Sunday, February 20, 2011

first world problems, first world fun

I have a place to swim! I joined a gym so I could use their pool. It's all rather thrilling.


I-joined-a-gym I-joined-a-gym I-joined-a-gym...that's how the phrase flows out of your mouth whether you want it to or not. The beginning of a new year being high season for I-joined-a-gym, it is almost impossible not to say it that way. Although I did, note, join said gym in December, not January. Whatever.



January in America. When we are assumed to be participating in some agreed-upon group penance for being our greedy, horrible selves. It is so tedious. And tyrannical. And, well, incorrect. And part of why we get fatter. Fuck our inescapable Puritan roots, or however this mass, commercialized mea-culpa is chosen to be understood: it's bullshit. Who decided that it's not okay to celebrate our celebrations? That is, in fact, how celebrations work. By celebrating them. Aligning the post-holiday downshift with virtue and an assumption of guilt is delusional. And playing into the I'm Good/I'm Horrible pendulum that keeps the diet industry in motion, which in turns pours the GNP into making sure we're sure we need to fix things we haven't been fixing. What a waste of time.

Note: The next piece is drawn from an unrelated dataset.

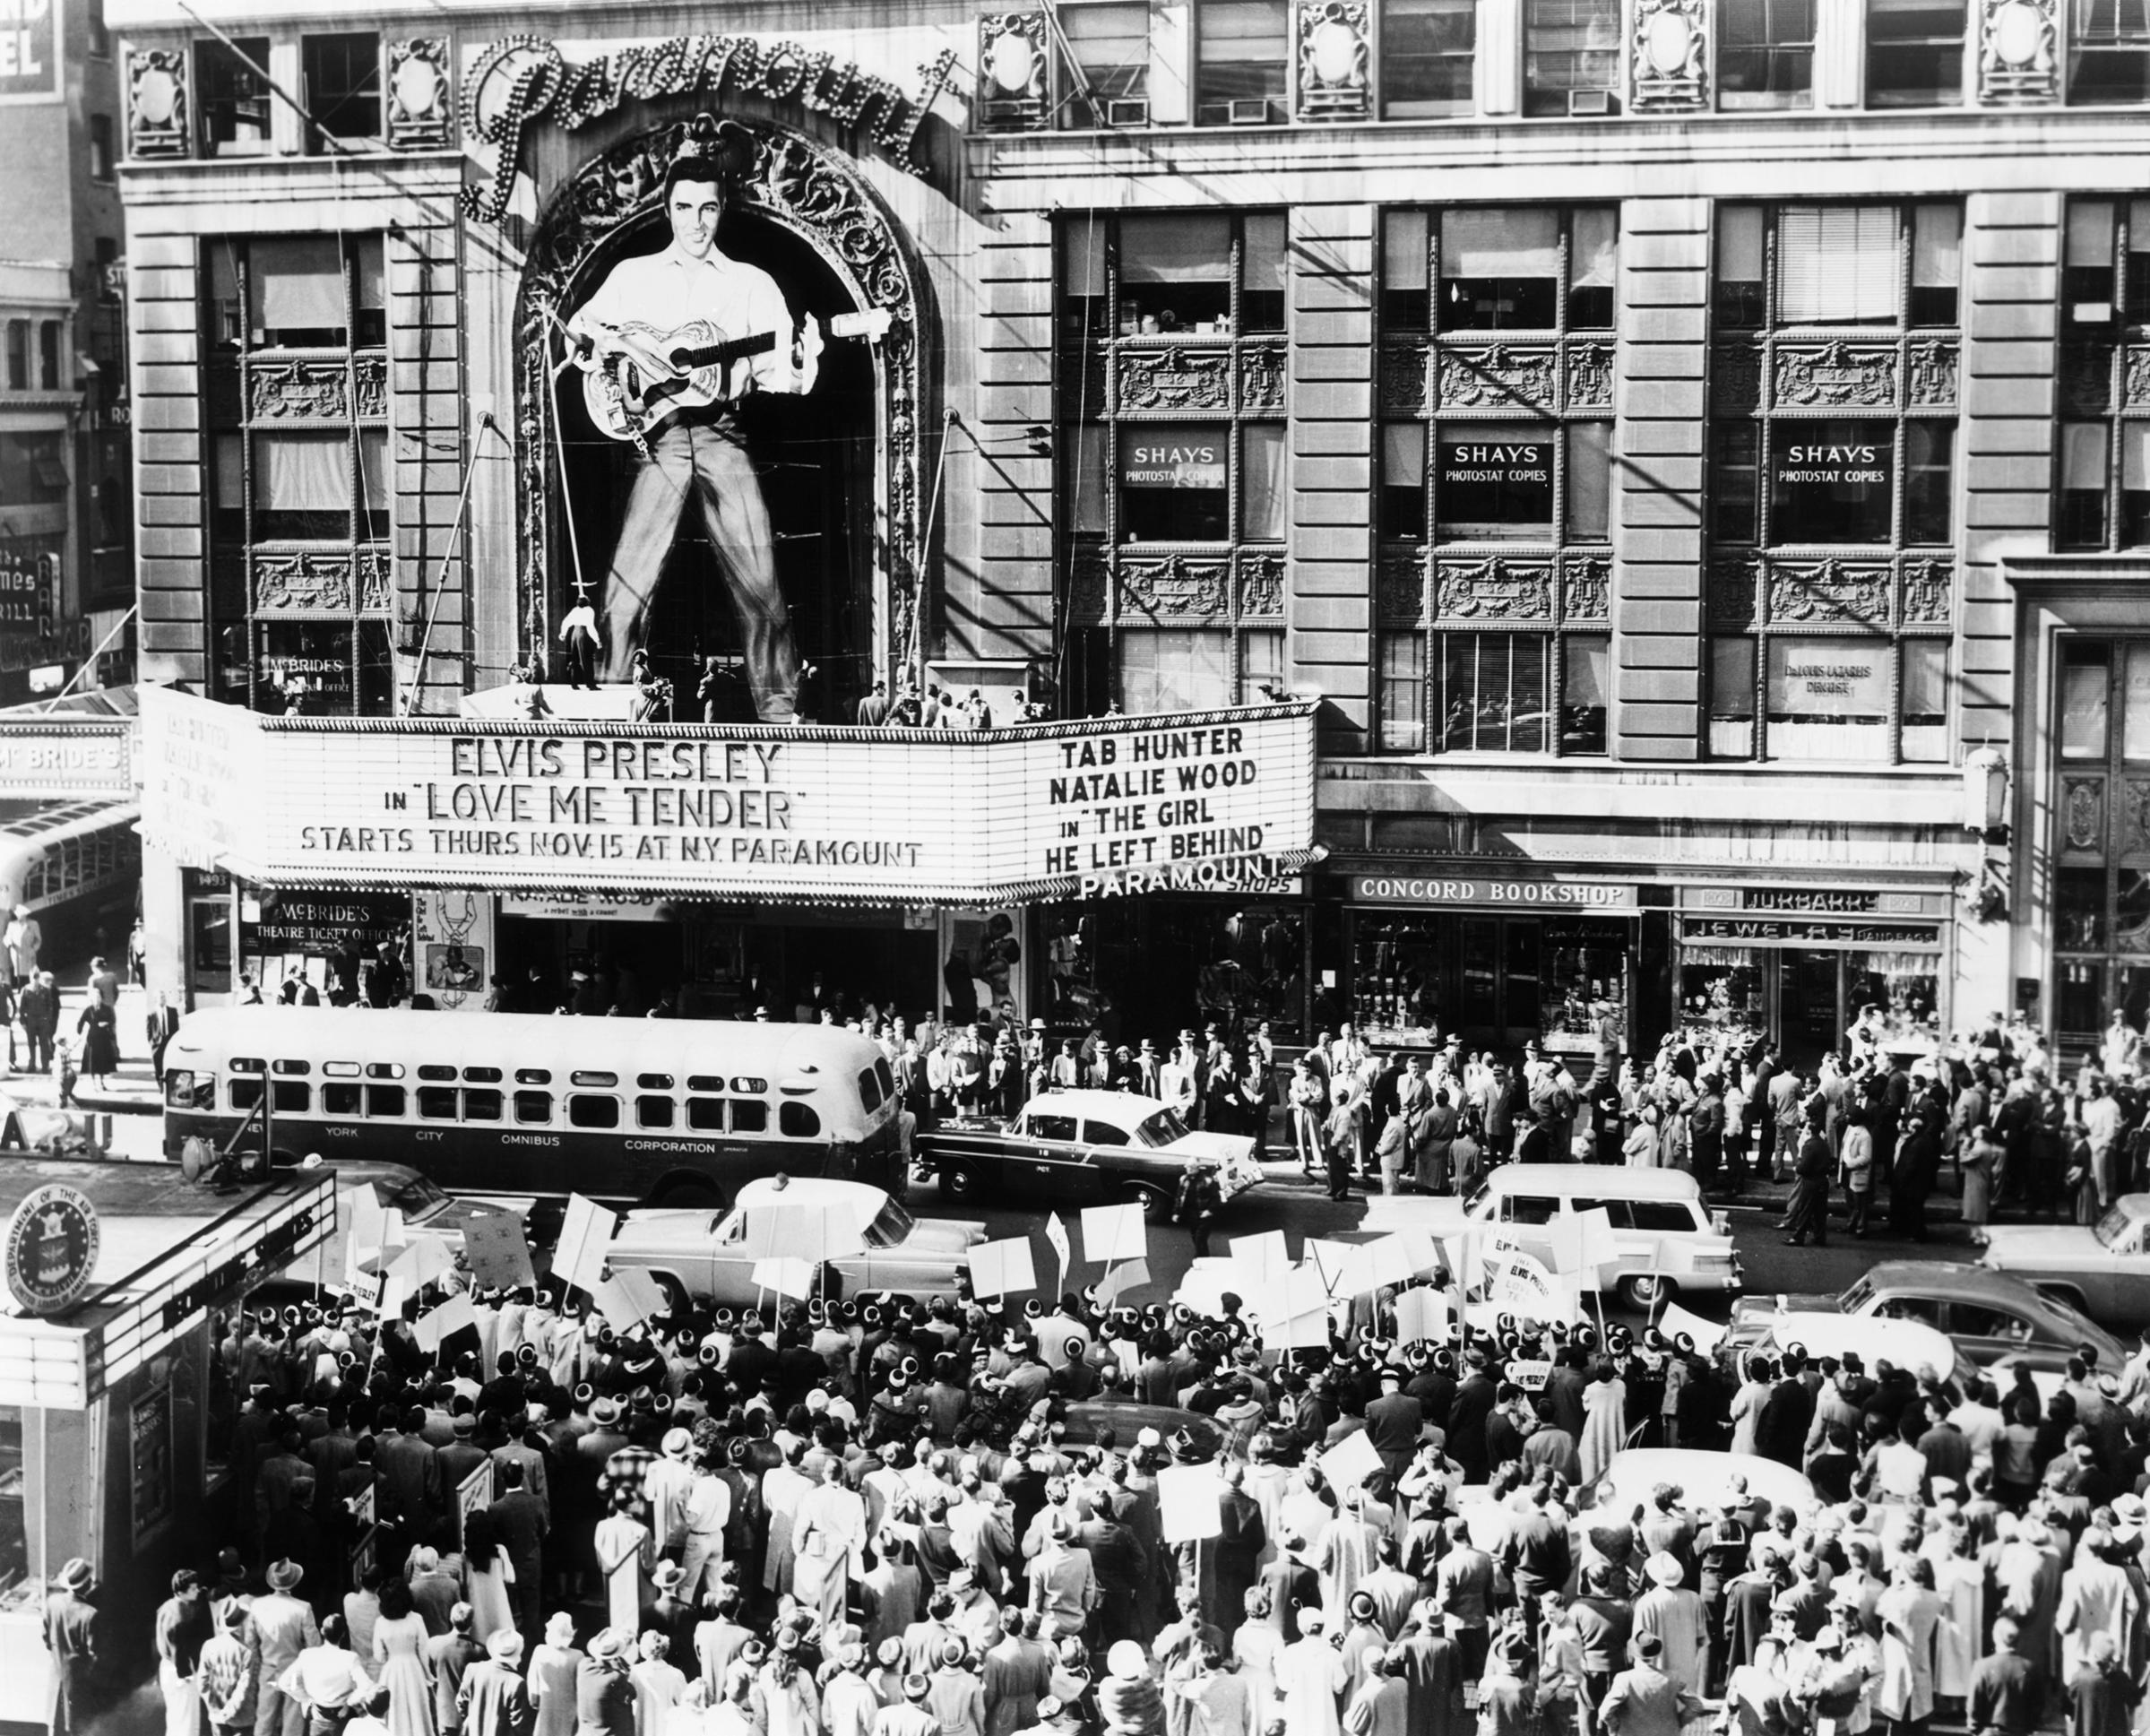 Opening of 'Love Me Tender' movie at the Paramount Theater, New York, on November 15, 1956.

Whoa, okay. I'm back. Anyhow. Up until joining the pool I had been "working out"--also another term it's hard to avoid, but whatever--it flows--by using the treadmill in my building, until my Achilles tendon...how you say. Squawked. Splurgoyed. Swigguned. I want to say "snapped," which isn't accurate--if the whole thing really had I would be in a wheelchair--but something sproinged back there and all that became impossible.

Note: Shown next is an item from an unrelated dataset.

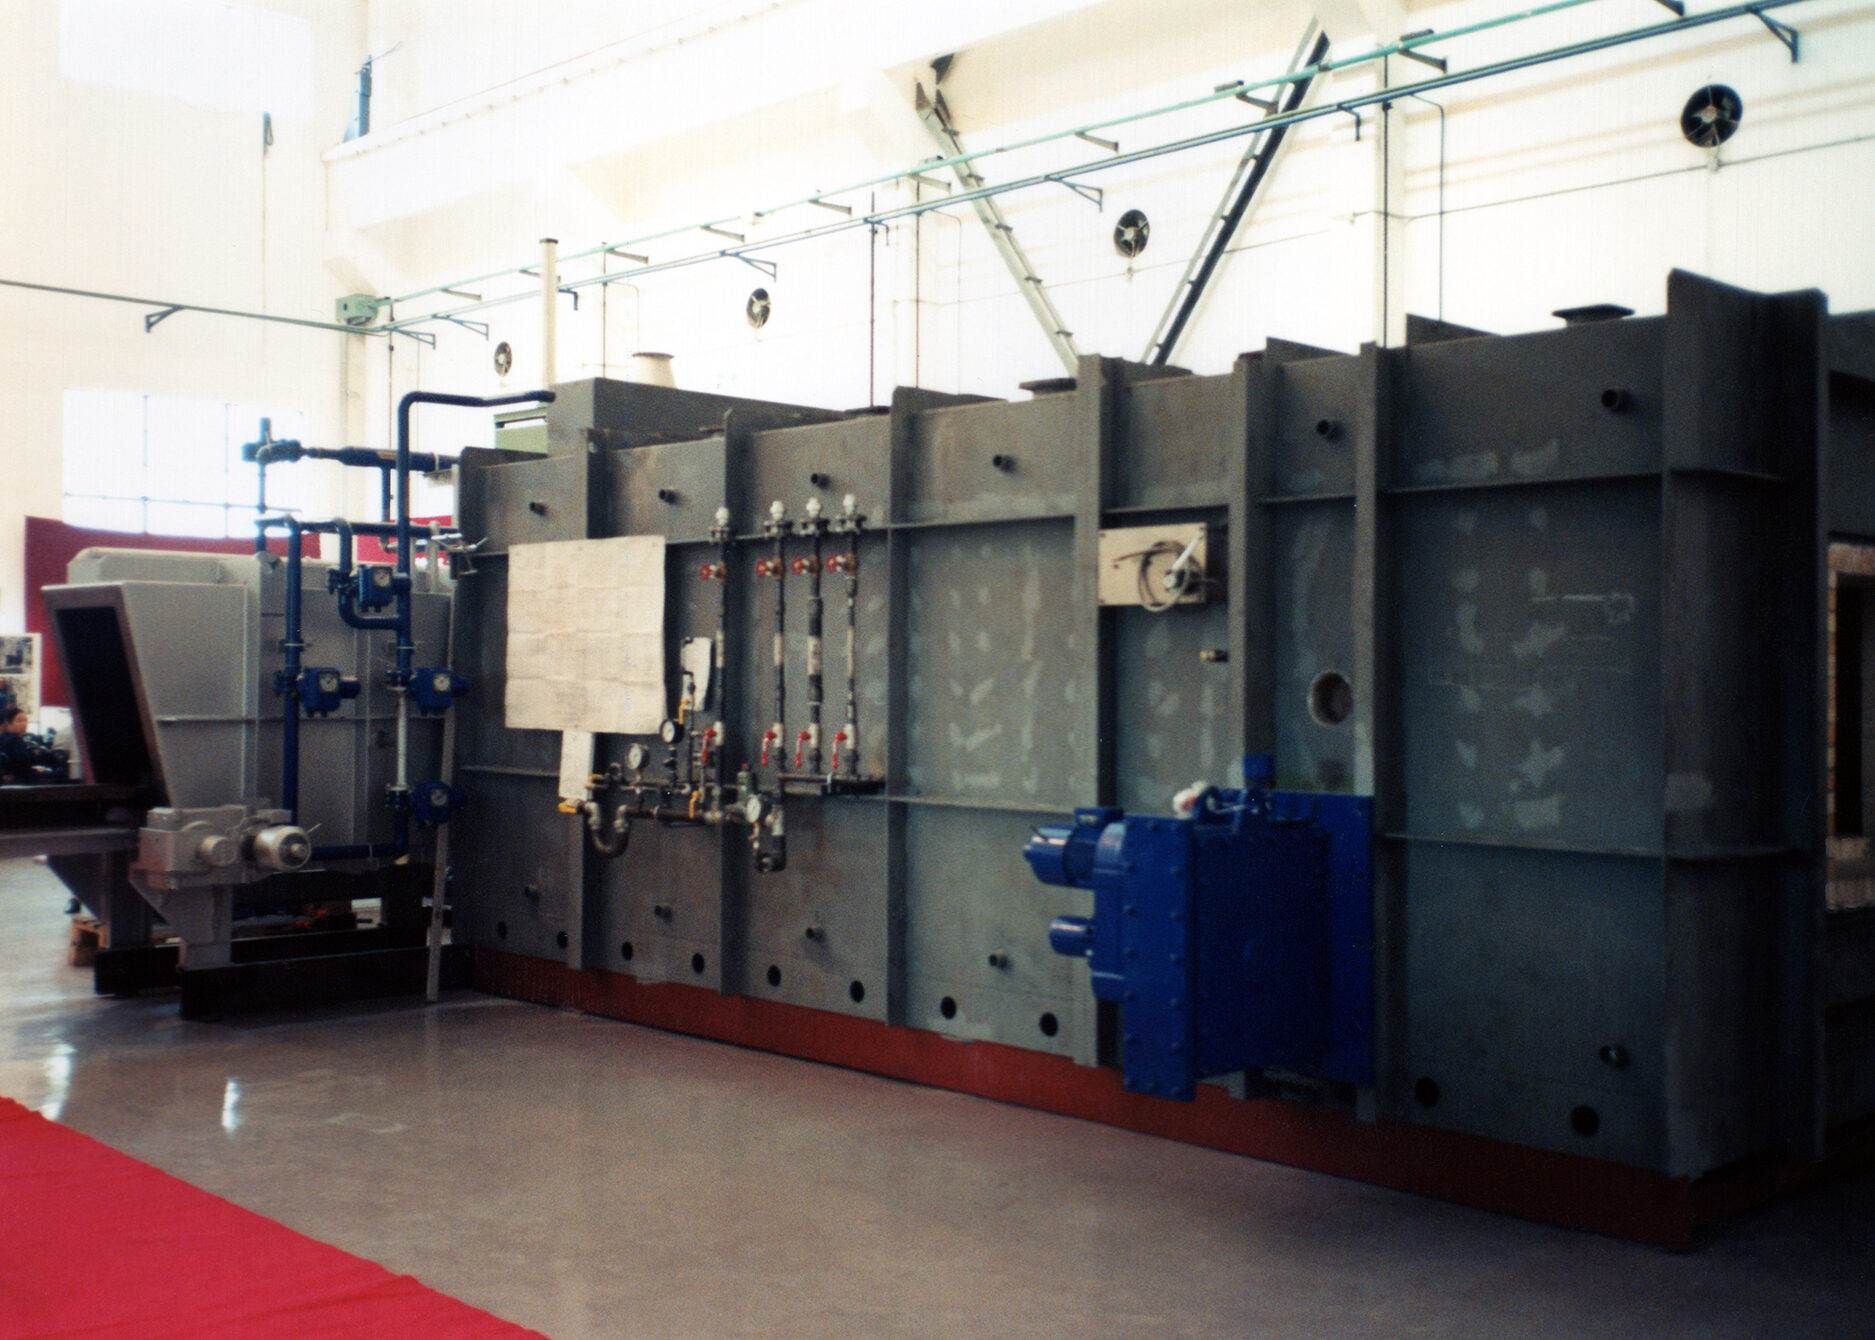 First continuous furnace line built by Ipsen China in 1997

Sample pool about to be used by a nice couple!

Although I adore swimming, and it is in fact medically advisable in my case, the hassle of it all had kept me avoiding it for a long time. The hassle is, in fact, the exact opposite of the ease of using a treadmill. When I used the treadmill, I could pop downstairs in whatever I was wearing and toddle away for a proscribed time, and then it was done. That's it. No prep, no clean-up particularly. 15 minutes, 30 minutes. Done. I loved that.



Going swimming means committing yourself to a two-hour to-do list of constant tasks involving packing things you'll need, getting to the gym, changing clothes, locking things up, swimming--oh yeah, swimming--then doing it all in reverse, only more, as you wish somebody designed a people-washing machine that got rid of the chlorine you can smell emitting from your pores and/or that somebody could hold you upside down by your feet and swish your hair in clean water like a little girl with her Barbie doll. Honestly, I find the hoo-ha surrounding swimming much more exhausting than swimming itself.



"Swimming" probably isn't quite the right word: it's probably more accurate to say I caper about. I do swim some laps, but I do lots of exercises, stretching and "weight-lifting" (styrofoam "weight"-pushing)--things like that. It has occurred to me more than a few times that what I do is basically hop in the water and start demonstrating the Ministry of Silly Walks.



Being in the water makes me so happy. It makes me so happy that it tells you something about how much of a hassle swimming is, as that kept me from going swimming for so long when I might have been able to. The pool I go to is not far away, and other than a few problems, it is pretty much all one would hope for in a pool. I am embracing the two hours of hassle and constant slight chlorine pong for the joy of being in the water.

The lovely ladies of the Padded Lilies

Someday I plan on having the pool of my dreams. It will have the sturdiest stairs and handrails to ease to the journey into and out of gravity, a big deep end, an infinity edge for happy water flow, be kept at the cool temperature I like, and I will be able to just walk out the door and hop in it. It is going to be beautiful! You're all invited.